Each line from the one with "Rasta girl next" through the last line below must be written out exactly. Do not copy pictures.

GIVEN MATERIAL
§ §
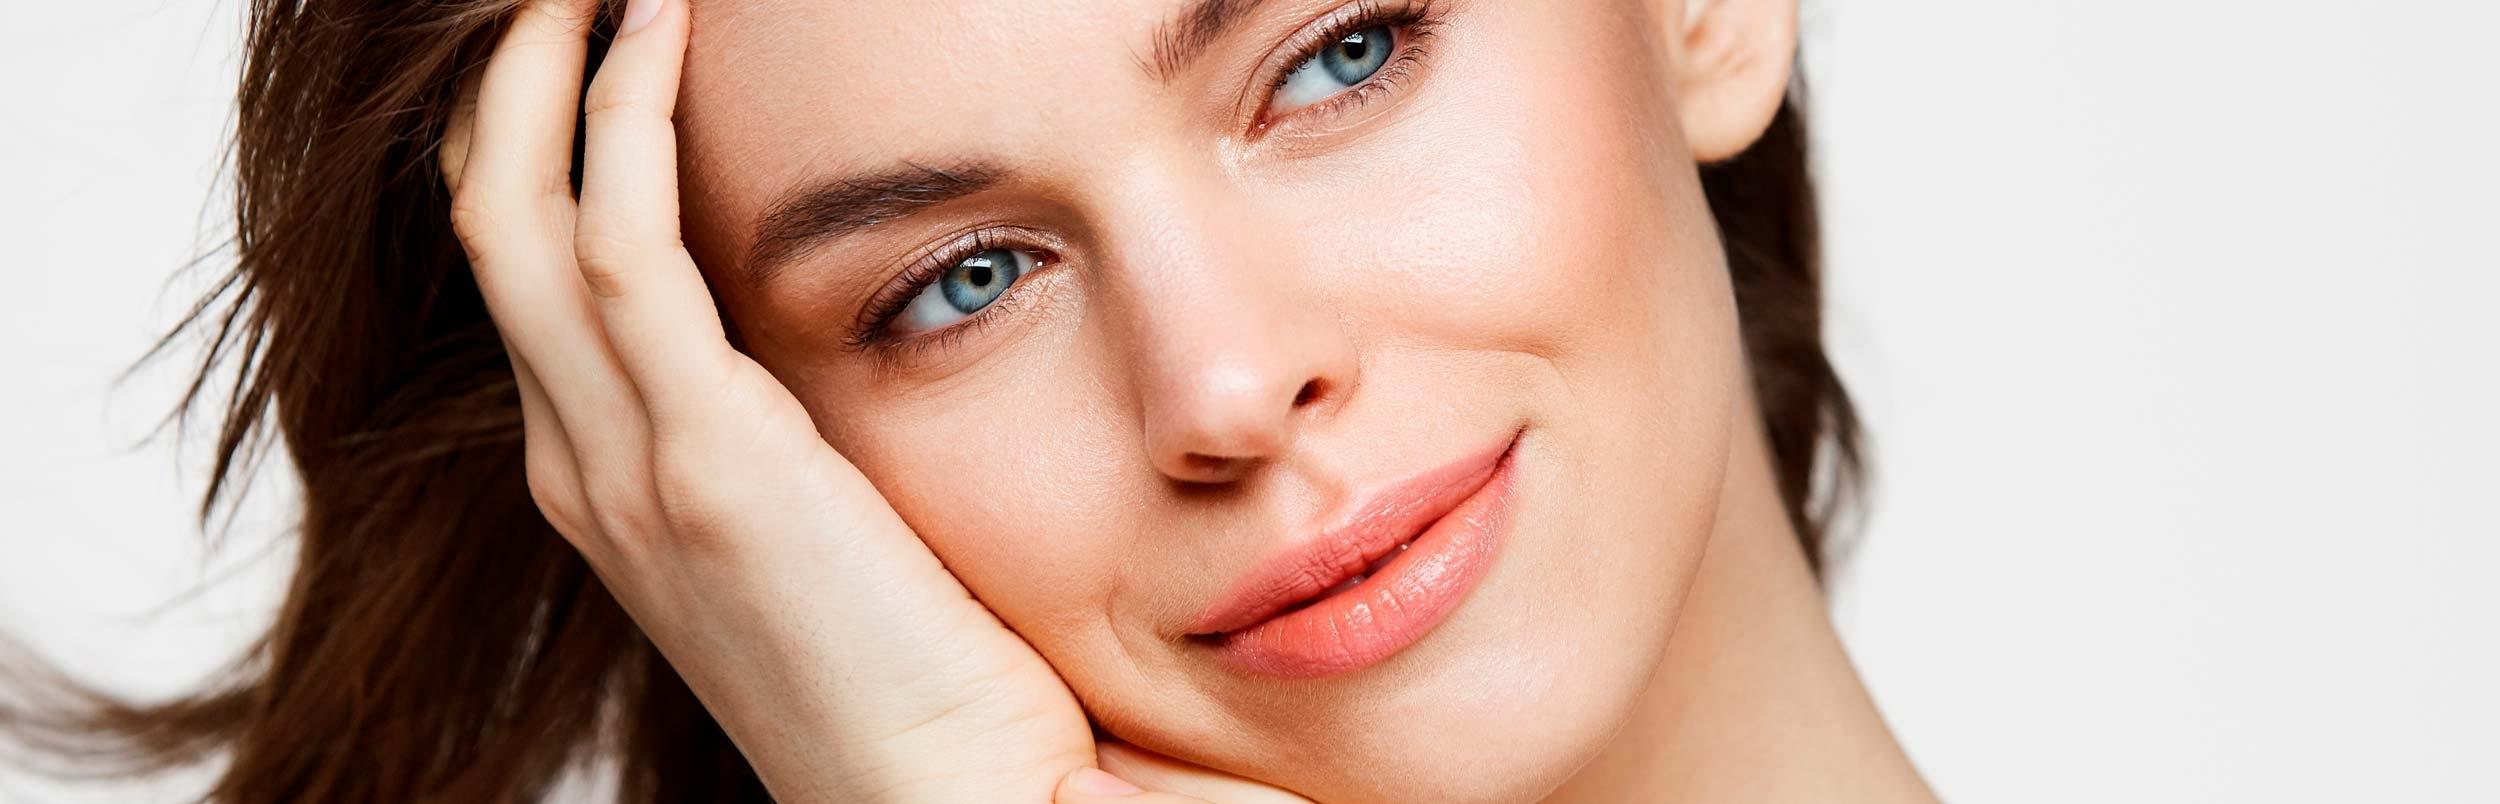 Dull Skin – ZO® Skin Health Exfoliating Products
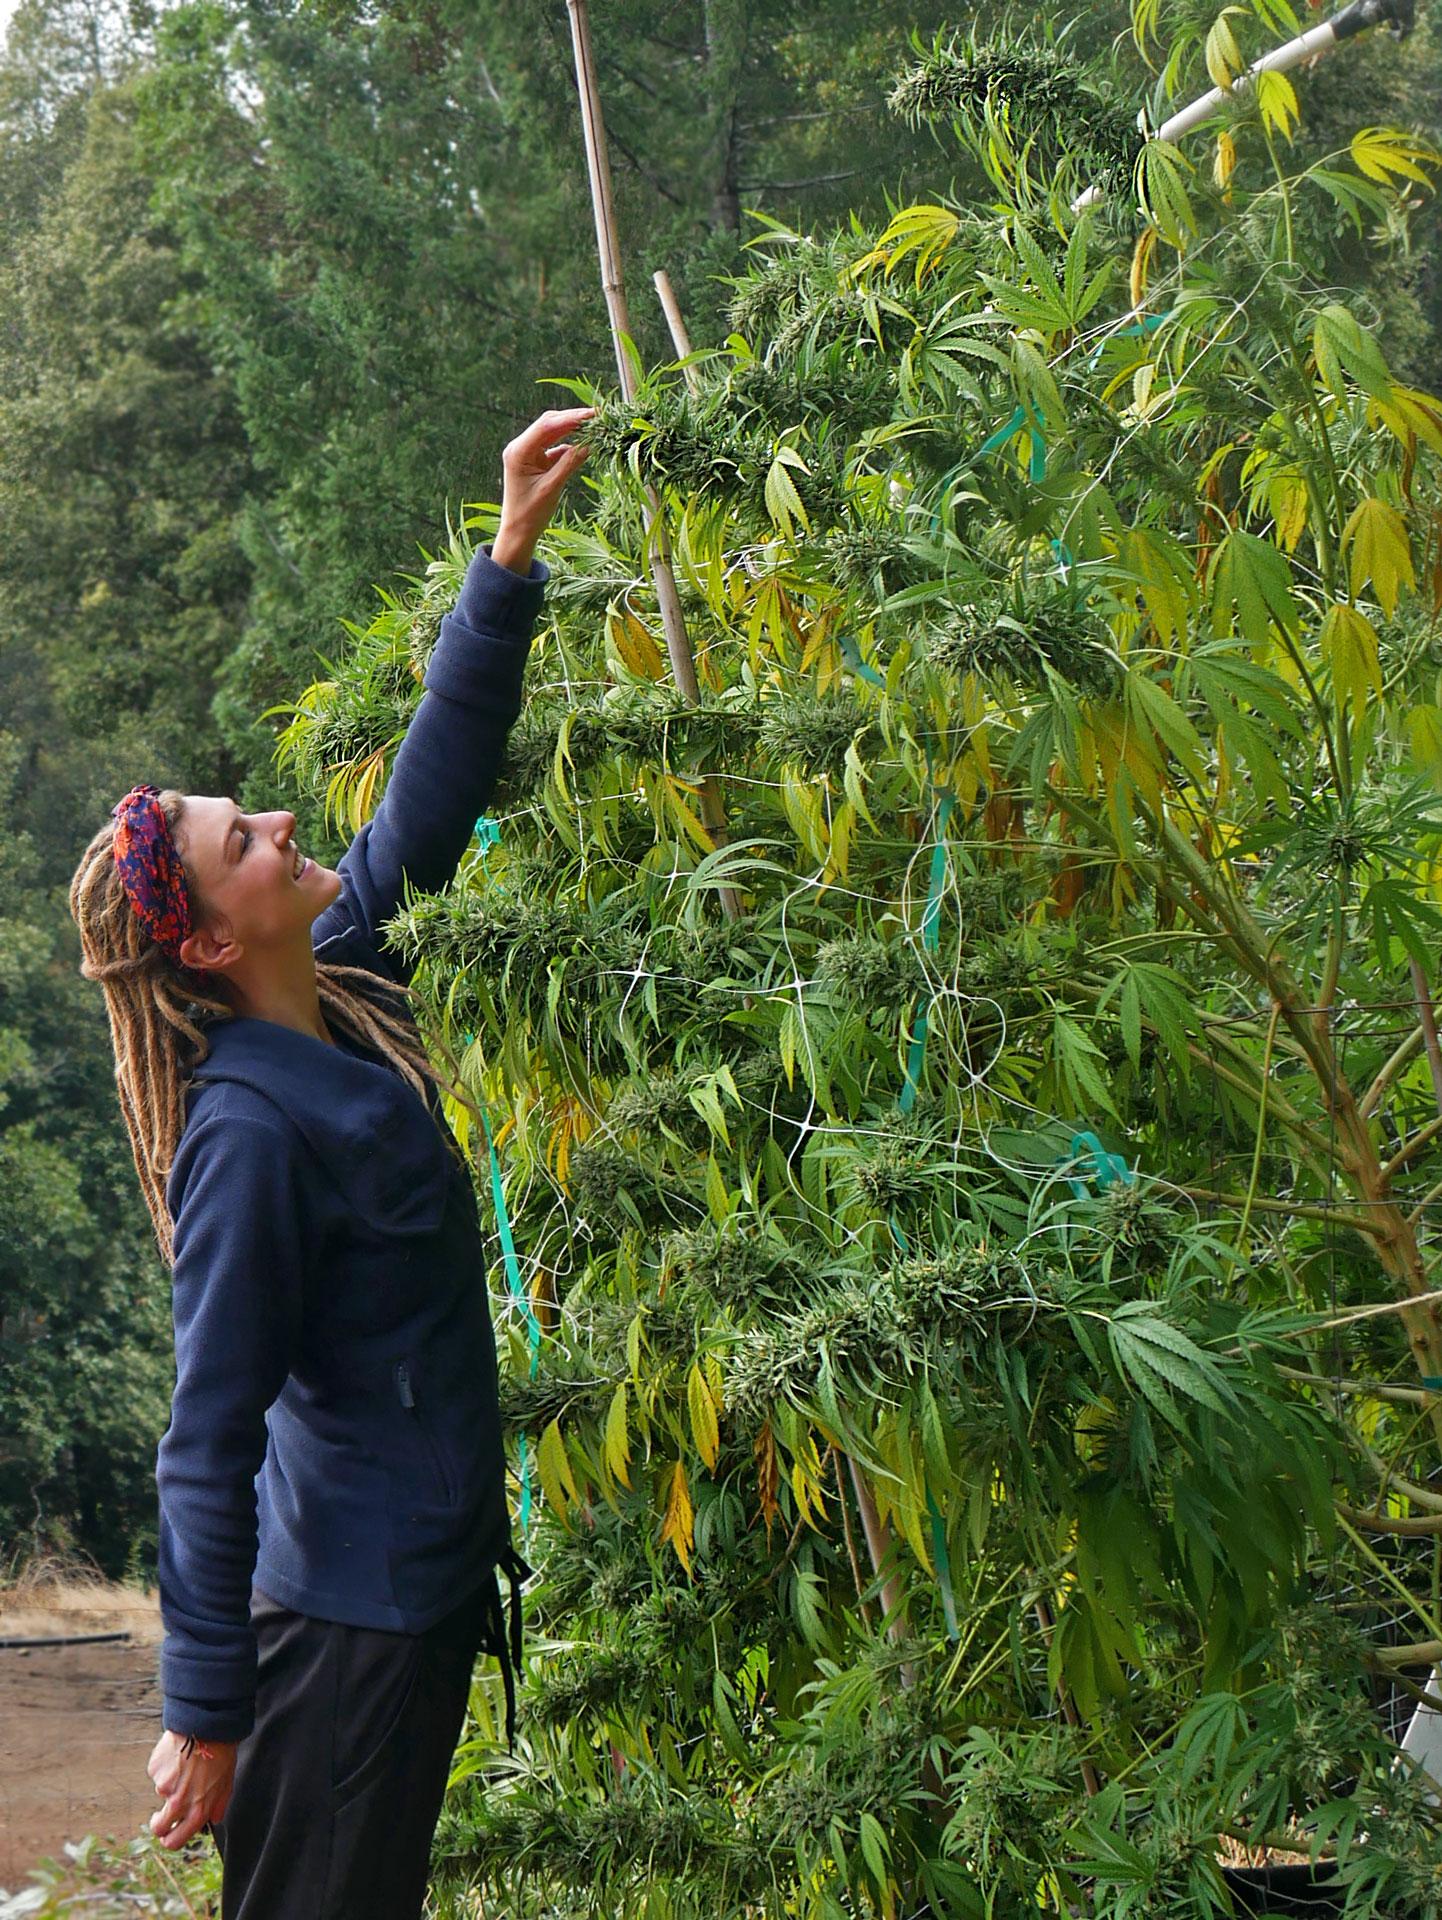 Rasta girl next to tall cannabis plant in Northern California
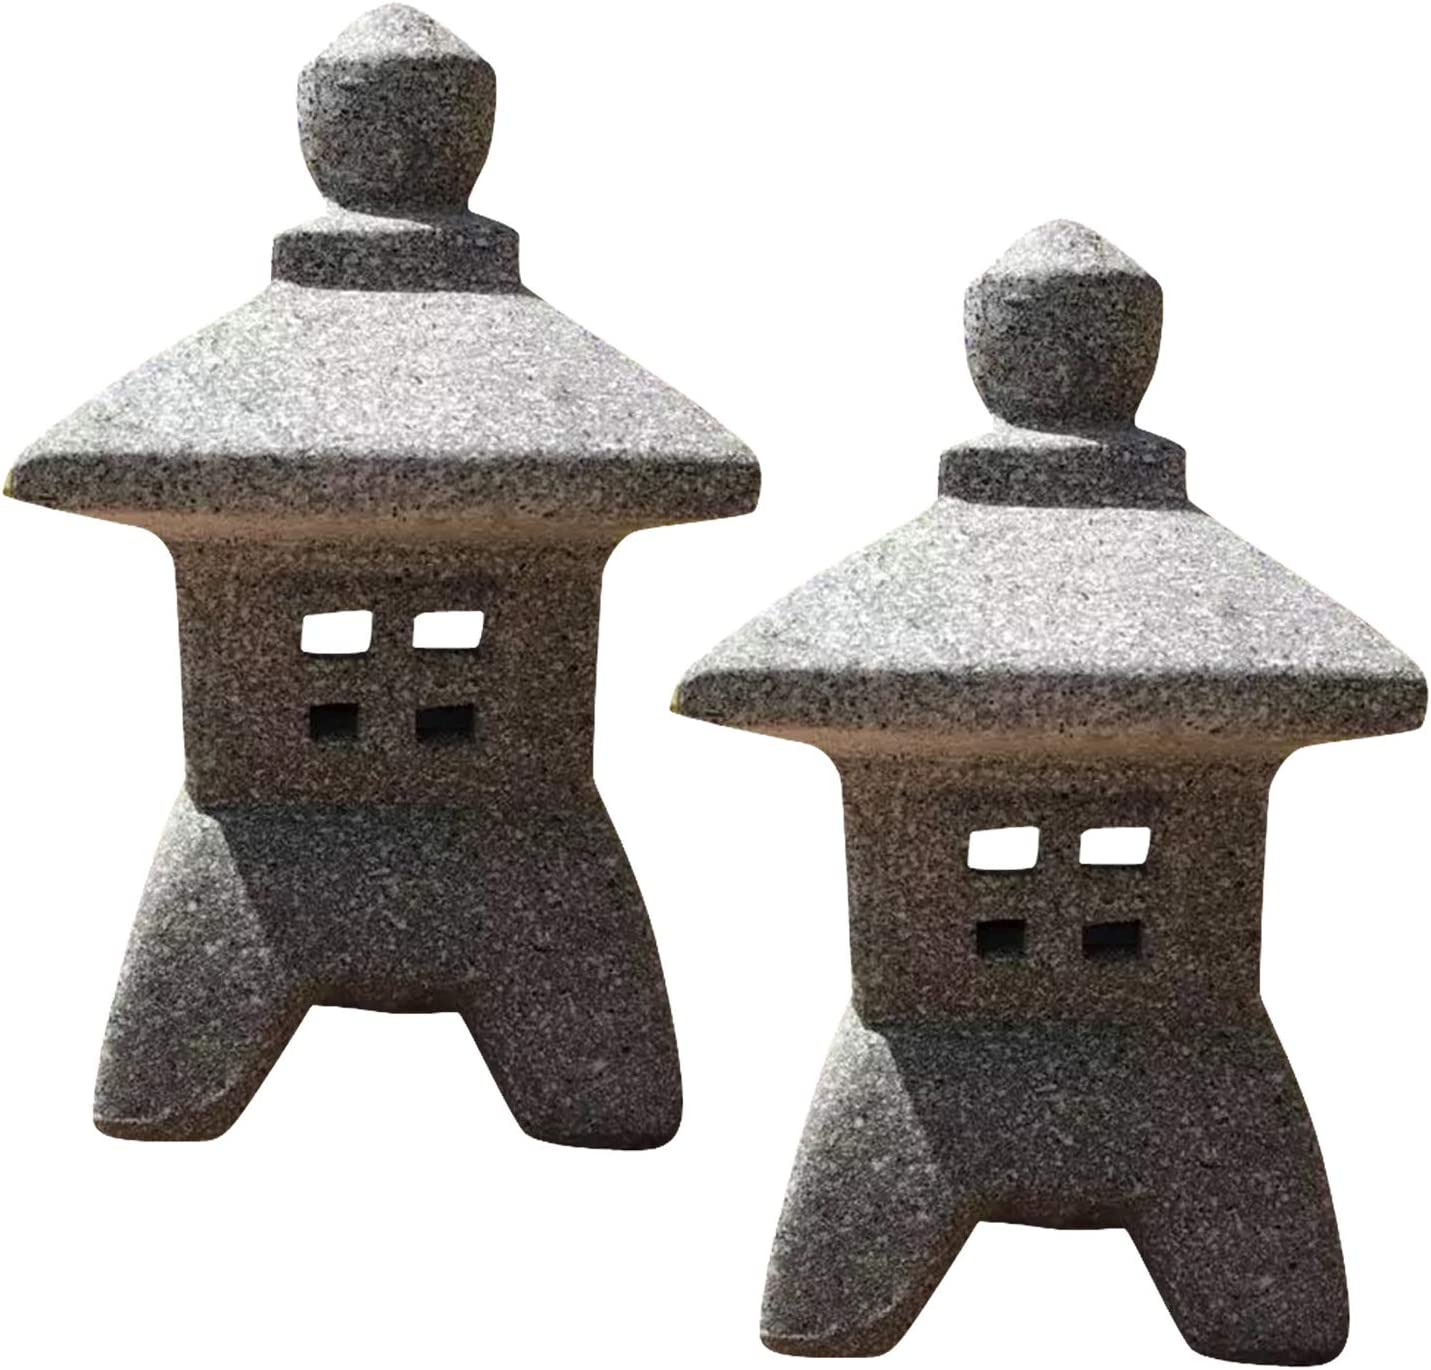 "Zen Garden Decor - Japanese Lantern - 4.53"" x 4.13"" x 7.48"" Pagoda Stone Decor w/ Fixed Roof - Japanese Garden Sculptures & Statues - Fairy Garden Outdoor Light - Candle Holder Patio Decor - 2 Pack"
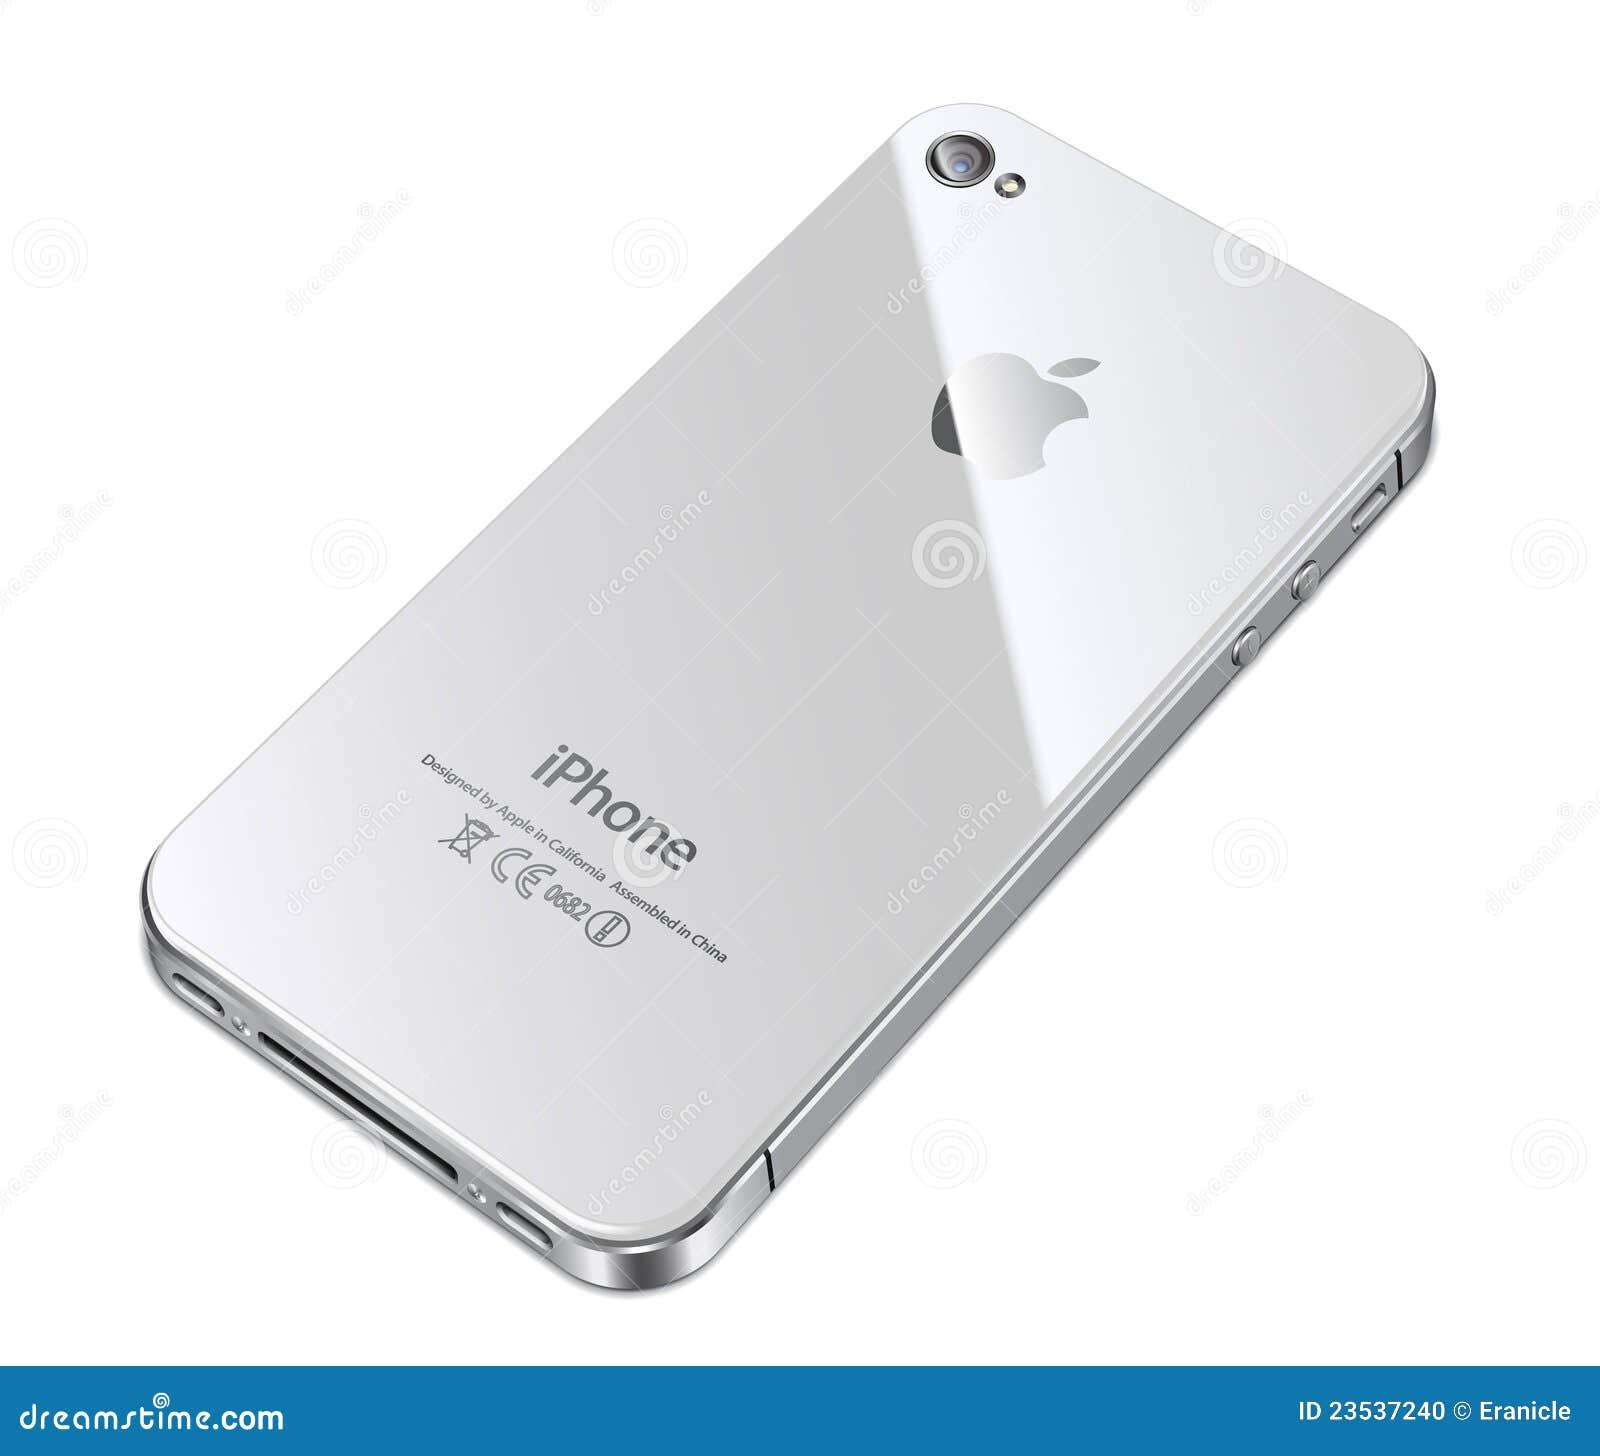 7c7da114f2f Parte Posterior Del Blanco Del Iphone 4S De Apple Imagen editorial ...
§ §
ANSWER BOX
 Rasta girl next to tall cannabis plant in Northern California
 "Zen Garden Decor - Japanese Lantern - 4.53"" x 4.13"" x 7.48"" Pagoda Stone Decor w/ Fixed Roof - Japanese Garden Sculptures & Statues - Fairy Garden Outdoor Light - Candle Holder Patio Decor - 2 Pack"
 7c7da114f2f Parte Posterior Del Blanco Del Iphone 4S De Apple Imagen editorial ...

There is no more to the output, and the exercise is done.